2016年03月22日

一か月

3月22日。
クラウドファンディング終了日から一か月が経過した。
もどかしくなるほどまだ映画製作企画は助走段階だ。
当たり前なのだけれど。
一歩一歩。
助走段階でも進んでいる。
いつか、助走が駆け足になって、いつか駆け足が全速前進になる。

昨日もロケ候補地のその1に向かう。
その裏にある集落的な場所もお借り出来たらなと思っているのだけれど、地主さんとまともに話せていない。
ご高齢なのに農業をやってらっしゃって、いつも畑に出ているから中々声をかけられない。
声をかけた時も、田舎の人で、基本的によそ者や面倒は持ち込まないでほしいという感じだ。
頑固なわけじゃなくて、保守的な感じ。
とても、素敵なおじいちゃんなのだけど・・・・。
だから、まめに顔を見せて、少しずつお願いできればなぁと思っている。

稽古後に、やっぱり、俺みたいなむさくるしいおっさんが一人で尋ねてお願いしてもダメなのかなぁと話した。
広田さんとかに一緒についてきてもらって、話してもらった方が良いのかもなぁなんて思ったのだ。
広田さんは、うちの親父なんかもそうだったけど、実にご高齢の方と話をするのが上手だ。
そしたら、たまたま時間が空いてるから、行こうかなぁと堀川が言い出す。
まぁ、遠いし、行っても会えないことの方が多いし、無理しないでいいよ。
本格的にお願いする時に、空いてたらくればいいよぐらいに言ってたら。

なんか、今日、本当に来た。
実は、どんな場所か自分の目で確かめたかったというのもあるらしい。
花粉対策の眼鏡にマスク。
じょ・・・女性だけど、それはそれで怪しいんじゃねぇの?と思いつつ。
駅まで迎えに行き、候補地まで向かう。
お彼岸だから、おはぎを買っていく。

現場に着くと、堀川は、あちらこちらを見て回る。
地主のおじいさんは、やはり今日も広大な畑に出ていた。
一人で、何か植えている。
手を止めさせるのもどうかと思うし、勝手に手伝うのもはばかれるし。
少し間を置こうかと、畑を離れる。
一番下にある、石の彫刻さんだけが、カンカンと石ノミをふるってた。
折角だから、話してみる?と堀川に聞いてみると、案外、平気な顔をしている。
初めて会う人と話せるんだなぁ、こいつは。とちょっと感心する。
役者をやってるような人間は、とても社交的か、とても内向的か、どっちかだ。
堀川は社交的な方みたいだ。

石屋さん(自分の事をそう呼んでいらっしゃった)は、作品製作途中の一服タイムだった。
おいらも話したけど、堀川がどんどん質問してる。
硬くて四角いはずの石が、流線型のなめらかなオブジェになっていく途中段階になってる。
これ、どうやるんですか?
ええええ。すごいです!
この間、おいらが話した時とは違う質問をしている。
一つの作品に半年かかったりするという。
大きな石を、半年かけて、石ノミで削っていく。
出来上がる作品は、オブジェで、何かの役に立つようなものではない。
そういう事を、もう何十年と続けている芸術家と堀川の会話。
聞いていて、ハラハラしたけれど、新鮮だった。
堀川がそこで何を感じて、自分がどう演劇と向き合ってきていたかに繋がるかはわからないけれど。
石屋さんも、少し嬉しそうだった。

その後、畑を見ると、まだおじいさんは農作業を続けていた。
何を植えているかはわからないけれど、もう3列目に入っていた。
諦めて、そのままお宅に向かった。
奥様がいらっしゃるからだ。
尻尾を振って犬がなく玄関で呼び鈴を鳴らすと、小さいおばあちゃんが更に小さく腰を曲げて来てくださった。
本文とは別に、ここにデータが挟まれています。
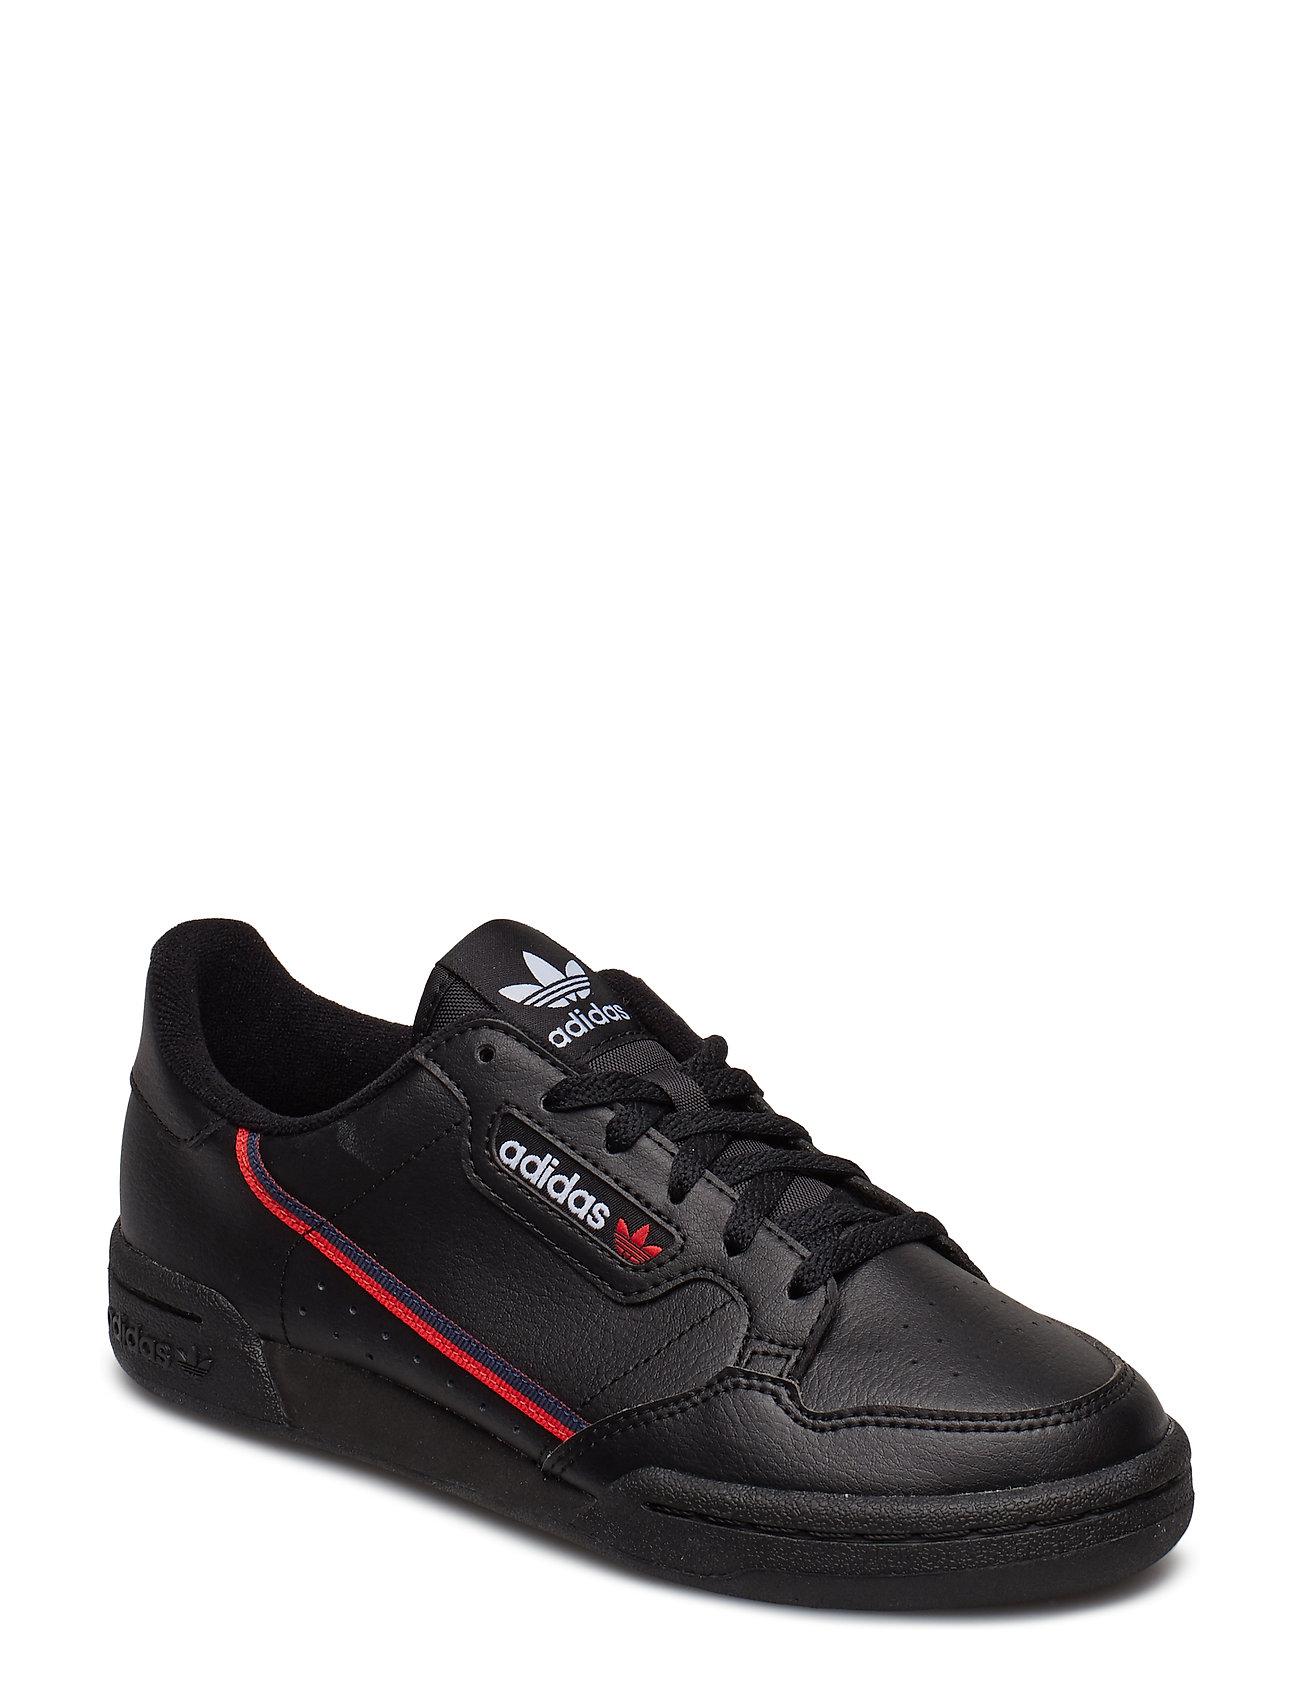 adidas Originals CONTINENTAL 80 J - CBLACK/SCARLE/CONAVY

映画で土地の一部を利用させていただきたい旨をもう一度伝える。
おじいさん、その後、なんか言ってました?ダメだって?と、優しい笑顔で答えてくれる。
舞台のDVDを渡そうとすると、そういう機械が何もないんですよと言う。
買ってきたおはぎをお彼岸ですから・・・と手渡すと、いんですよ・・・なんて言ってくれる。
なんだか立っているのがつらいんじゃないかって心配すると。
立って止まっているとね。腰が曲がっているからちょっと辛いんですけどね。
畑にだって出てるんですよ。今日も草むしりをしようかと思ってたんです。
買い物なんか、バスに乗らないで歩いて行っちゃうんですよ。待つより早いかなって・・・。
そんな風に笑顔で話してくれる。
どこにも拒絶感なんかない。
笑顔で話した後、おはぎを受け取ってくれる。

ふと思うんだ。
オレオレ詐欺とかさ。
なんというか、物騒な世の中じゃない。
しらない人間が現れたら構えちゃうよね。
すぐに玄関を締めちゃうことだって出来ると思うんだ。
あんなふうに笑顔でおいらだったら話せるのかな?
不審者って思われないといいなって思ってたのがばかみたいに、話を聞いてくれたんだ。

撮影日が決まるまでに。
確実に候補地が増えればいいなと思っている。
あそこは、本当に素晴らしいロケーションだから、ぜひ候補地に加えたいなぁ。
時々、顔を出して。
いつか、農作業も手伝えたらなって思う。

梅はもう散っていたよ。

シナリオは進み。
候補地は増え。
そしてスタッフミーティングが始まる。
あれから一か月だ。

堀川が帰り、おいらは実家に向かう。
親父に線香を手向ける。
手を合わせて報告をする。お願いはしない。

春になったけど。
少し肌寒い。
posted by セブンガールズ映画化実行委員長 at 01:39| Comment(0) | 映画製作への道 | このブログの読者になる | 更新情報をチェックする

2016年03月21日

暑さ寒さも彼岸まで

シナリオは進む。
変わった部分だけでもまとめておかないとだ。
確実に、シナリオは進んでいる。
進んだ台本も、やはり、絵が思い浮かぶものだった。
場面をまとめて、登場人物の追加もまとめておこうと思う。

明けて今日はお彼岸だ。
親父に線香をあげよう。
親父が生きているうちに映画に出たかったなぁ。
もしそうなったら、なんて言っただろう。

春分の日から、昼夜の長さが逆転する。
正確にはそうじゃないらしいけれど。
古来から春分の日は天文学的に重要な日だった。
今も、記録に残らないほどの歴史があるような神社は、春分の日に境内にいると、丁度、鳥居の真ん中を太陽が昇るという。
山の上の神社は、古来より天文を確認する場でもあった証拠なのだそうだ。
暦や時間は、山の上の神社やお寺が知らせていた。

変わらない太陽と地球の関係。
公転と自転。
1000年前も100年前も、春分の日から、春がやってきた。
最近は、春分の日を過ぎてからも寒の戻りがあるから油断禁物だけどさ。
明確に明日から春だよ。ってお知らせは、なんとなく心が弾む。
街を歩けば、卒業式の格好を見かけるようになった。
後は、桜が舞うのを待つばかりだ。

彼岸。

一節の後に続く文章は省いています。